Il cervello della sicurezza

Un grande processo decisionale richiede la capacità di rivedere diverse opzioni considerando contemporaneamente i rischi associati.

Come esseri umani, pensate ai calcoli del rischio che facciamo ogni giorno: quando guidiamo un’auto, attraversiamo la strada o decidiamo se alzarci dal letto la mattina. C’è il rischio di perdere un’importante opportunità di business soffiando via quella riunione anticipata se decidi di dormire attraverso la sveglia. Senza nemmeno provarci consapevolmente, il cervello valuta istintivamente l’impatto di ogni decisione che prendiamo.

Il rischio è un termine molto usato nella sicurezza informatica. Tuttavia, la maggior parte delle organizzazioni non utilizza il rischio in modo significativo per comprendere a quale rischio è esposta l’organizzazione, quanto rischio è disposta ad accettare o quanto rischio sta riducendo al minimo con il proprio programma di sicurezza? E se cambiassero qualcosa, allora quanti rischi avrebbero? Possiamo onestamente dire che queste sono domande a cui le organizzazioni hanno la risposta o che hanno guidato il loro processo decisionale in materia di sicurezza negli ultimi decenni?

Allineare la sicurezza alla tua attività

In tutta onestà, gli analisti della sicurezza stanno cercando di prendere decisioni informate sul rischio, poiché il cervello umano lo fa istintivamente. Tuttavia, possono farlo solo in base alle informazioni fornite. Non ci sono molti programmi di sicurezza in cui il contesto aziendale è stato fornito all’analista per aiutare nel processo decisionale.

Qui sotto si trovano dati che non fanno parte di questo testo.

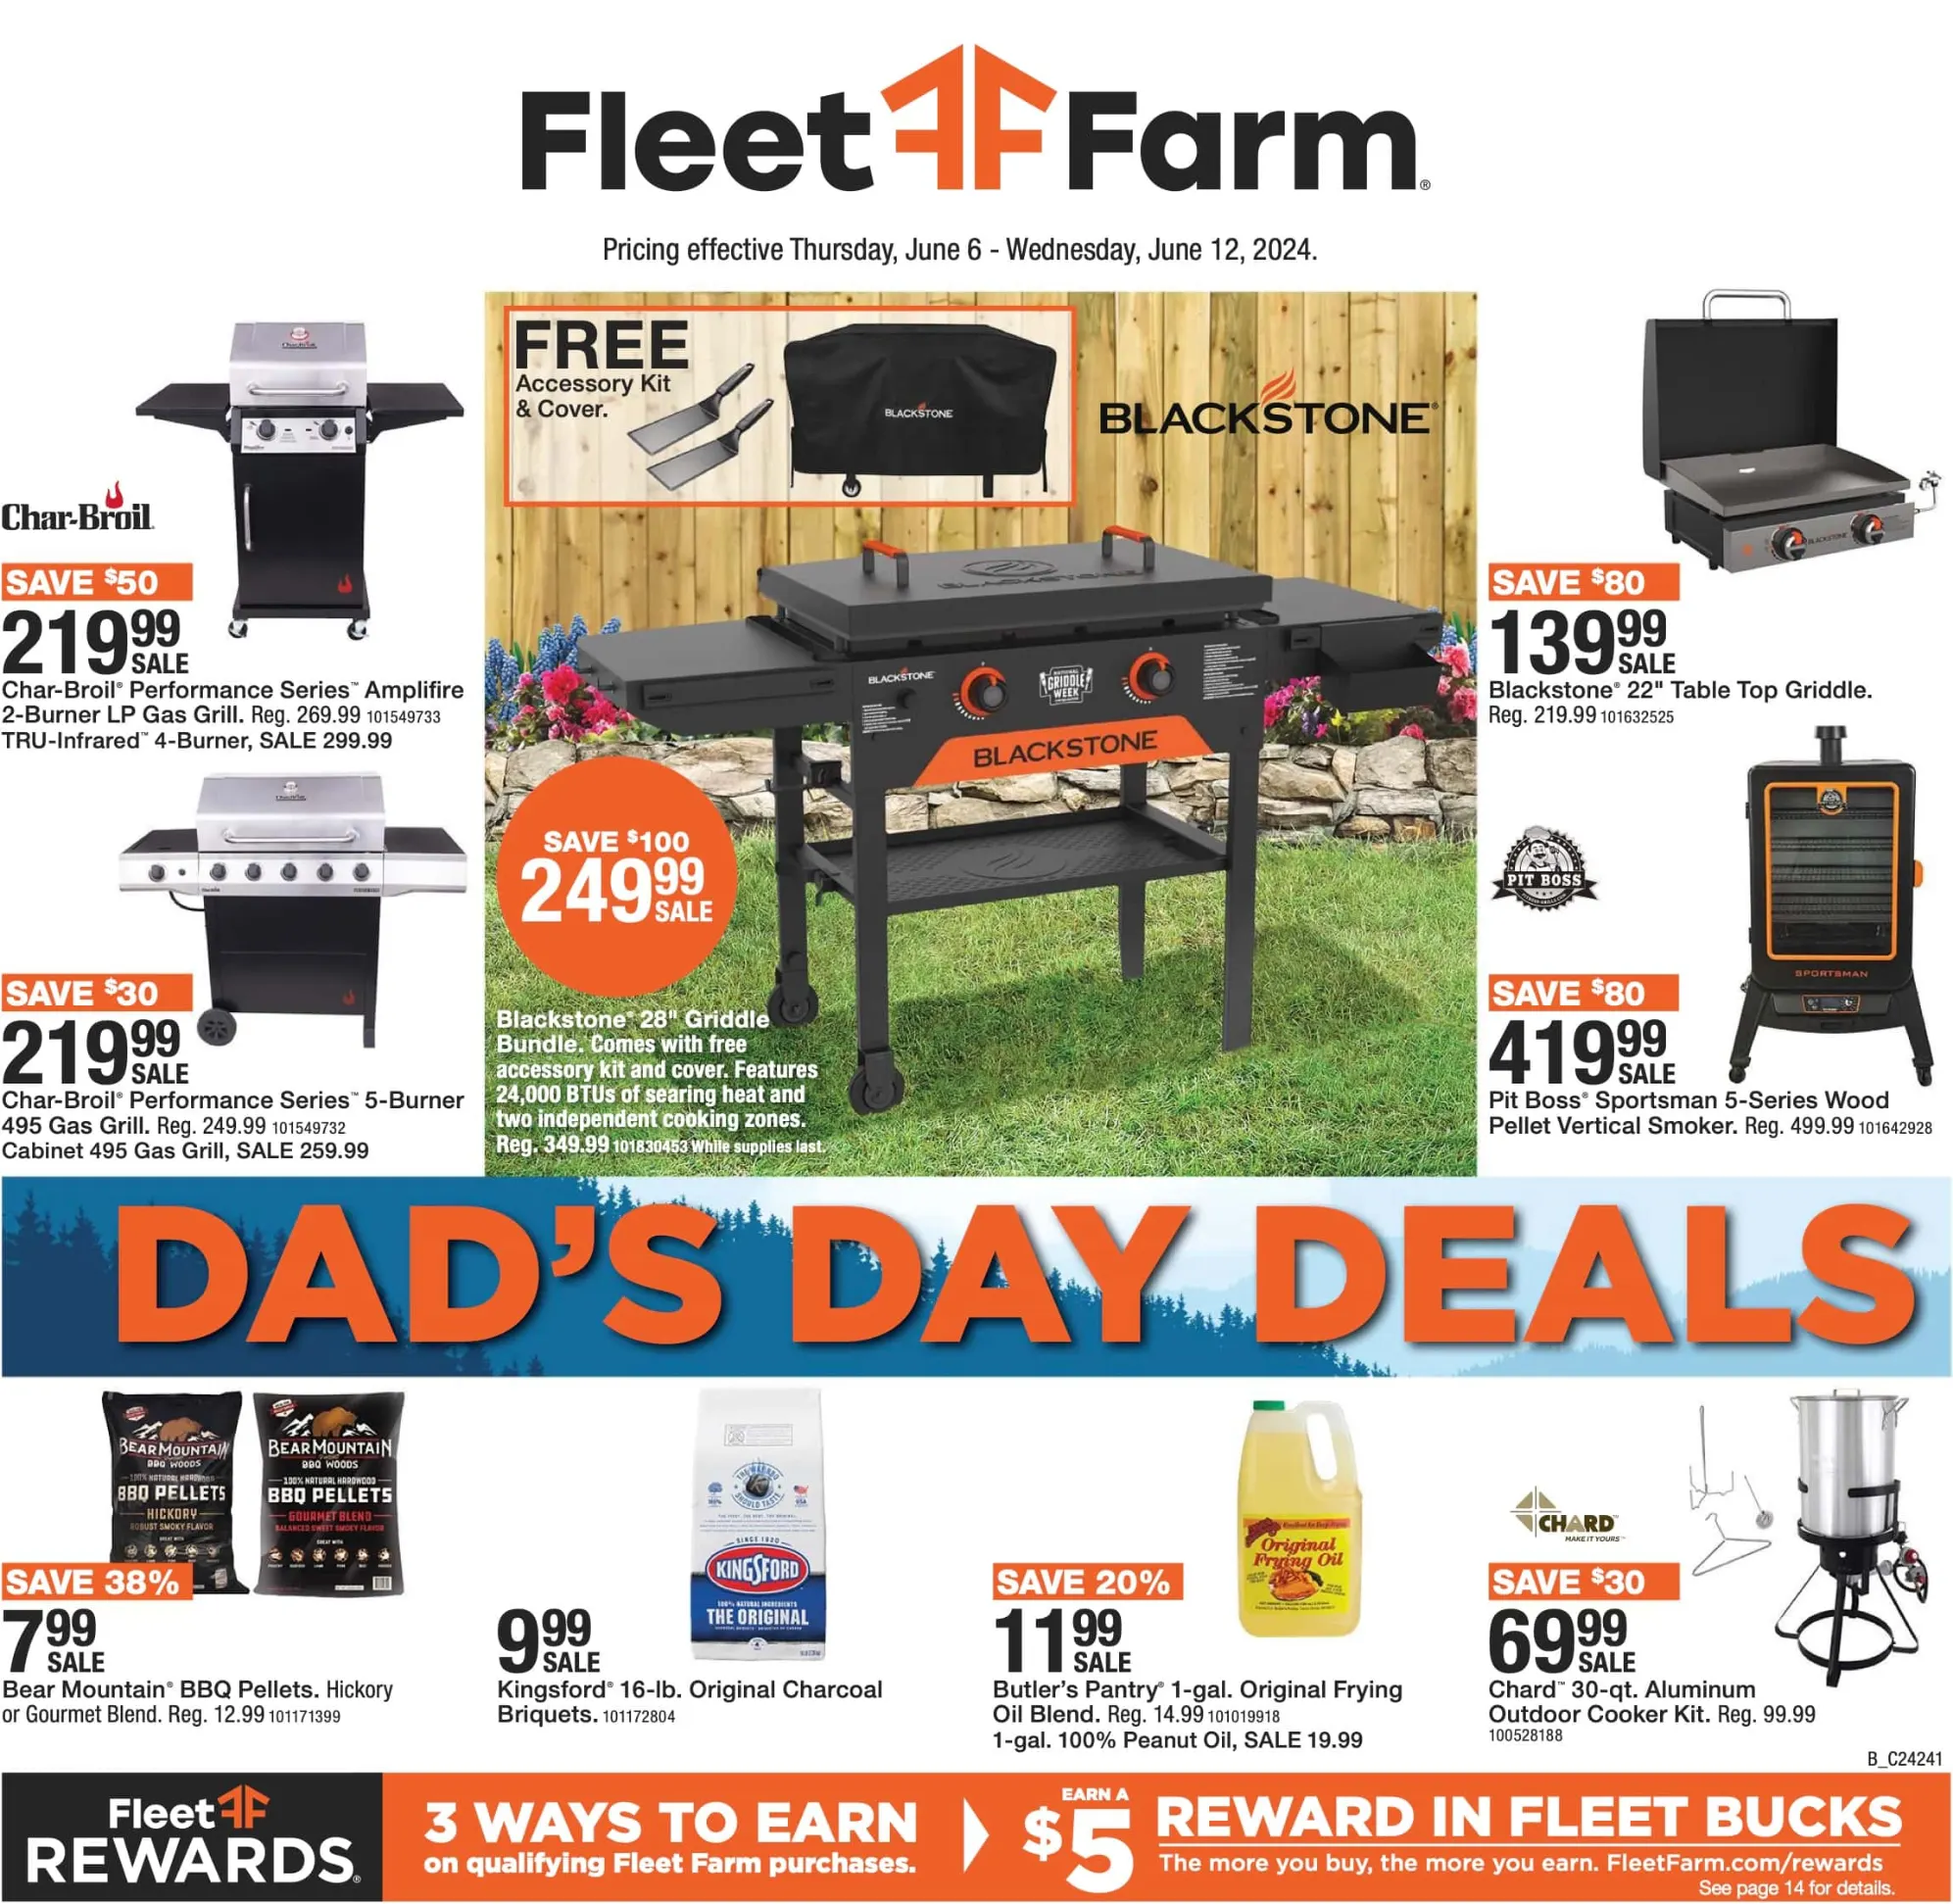 Fleet Farm July 2024 Weekly Sales, Deals, Discounts and Digital Coupons.

Riconoscendo questa realtà, le organizzazioni stanno cercando di quantificare il proprio rischio informatico per allineare meglio la sicurezza al business, guidare le attività di riparazione e risposta, supportare le decisioni di investimento e dimostrare il ritorno sugli investimenti in sicurezza. Molti hanno già abbracciato il passaggio a una comprensione quantificata del rischio – solo per essere delusi poiché gli approcci attuali richiedono troppa raccolta manuale dei dati, troppa formazione e supporto di servizi professionali, non collegare questa nuova comprensione con la capacità di agire e non riescono a soddisfare la necessità di mitigare il rischio in modo efficiente ed economico.

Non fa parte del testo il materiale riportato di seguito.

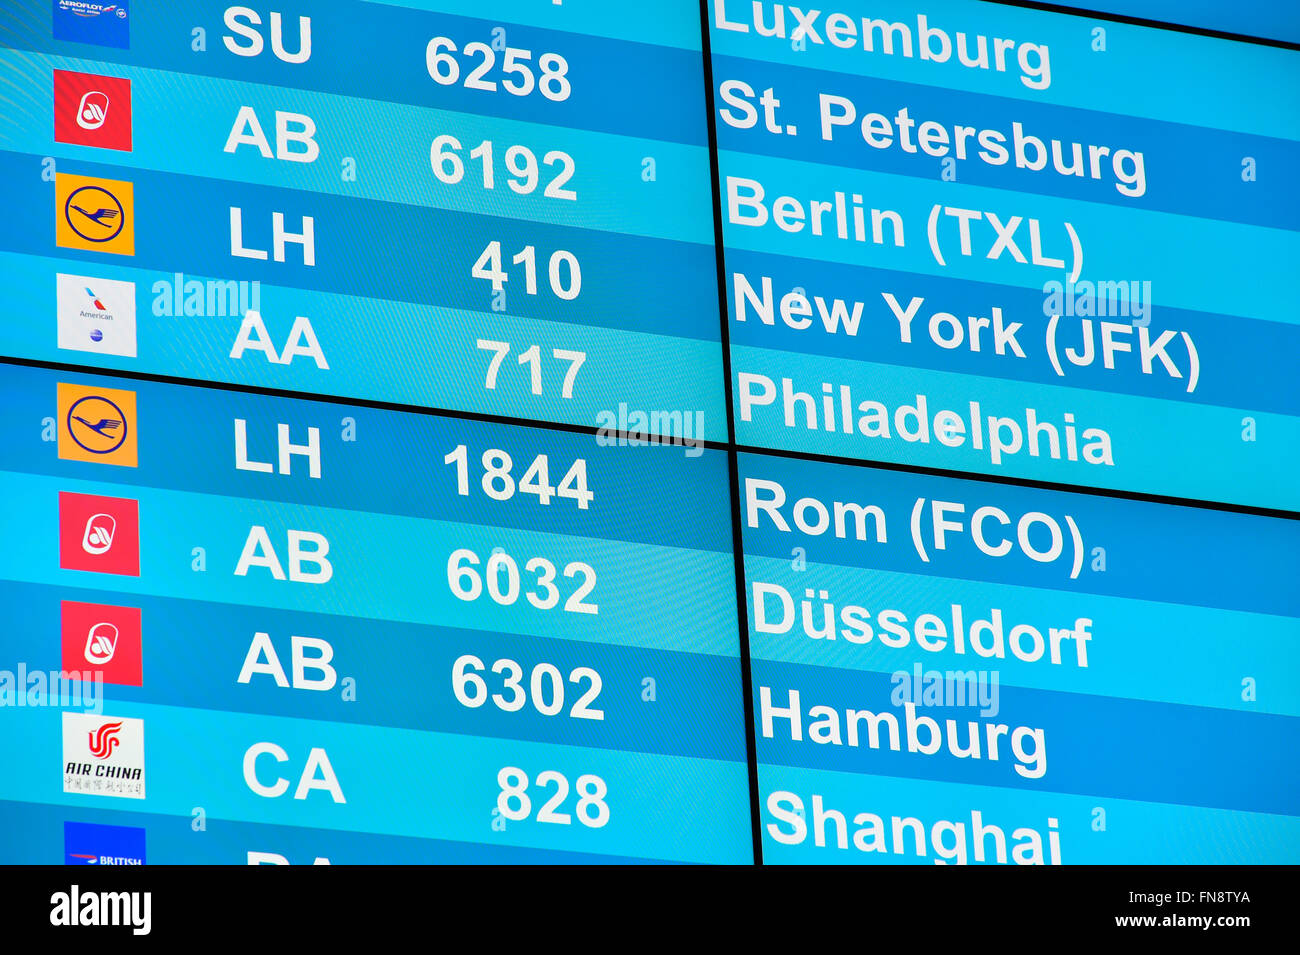 Display, Monitor, Scorebord, show, Flights, Flightnumber, Time, Shedule, Arrival, Departure, Airline, Airlinecode, Sign, No, Stock Photo

Il passaggio alla quantificazione del rischio cibernetico 

Le organizzazioni devono riconoscere che la comprensione e la quantificazione del rischio è fondamentale per costruire un programma di sicurezza efficace al giorno d’oggi. La sola orchestrazione e automazione delle azioni di sicurezza con un approccio basato sull’intelligence non è sufficiente. Poiché il movimento per la quantificazione del rischio cibernetico è decollato negli ultimi anni, è necessario considerare l’evoluzione degli approcci alla sicurezza per aiutare le organizzazioni a lungo termine. È necessario fare di più per cambiare il modo in cui funziona la sicurezza.

In un senso olistico, l’unione di rischio, minaccia e risposta è l’unico modo per raggiungere l’obiettivo principale della sicurezza informatica: ridurre il rischio per l’organizzazione. Pertanto, è un gioco da ragazzi che le organizzazioni dovrebbero iniziare a fare affidamento su modelli matematici di rischio informatico e motore di regole per quantificare il rischio informatico.

La quantificazione del rischio cibernetico è il processo di valutazione dei rischi cibernetici identificati e quindi di convalida, misurazione e analisi dei dati disponibili utilizzando tecniche di modellazione matematica per rappresentare la posizione di sicurezza dell’organizzazione.

L’adozione di questo nuovo modello darà alle organizzazioni la capacità di dare priorità alle attività di risposta in base alla loro efficacia nel ridurre il rischio di perdite finanziarie o di impatto operativo, consentirà loro di applicare con maggiore sicurezza dollari di sicurezza per il massimo ritorno sull’investimento vedendo il rischio che si acquista e in ultima analisi, sarà più facile per le organizzazioni giustificare le decisioni di spesa parlando in termini che CISO e consigli di amministrazione comprenderanno.

Adottando la quantificazione del rischio informatico, le organizzazioni saranno in grado di capire quali soluzioni potrebbero essere le più efficaci nel ridurre la possibilità che determinate minacce o attacchi abbiano successo contro asset, obiettivi, linee di business o missioni di alto valore, in base al loro valore per l’organizzazione . Questo è fondamentale in quanto le organizzazioni non vogliono spendere una notevole quantità di denaro cercando di mitigare i rischi di attacchi che non causano tanto danno quanto gli altri.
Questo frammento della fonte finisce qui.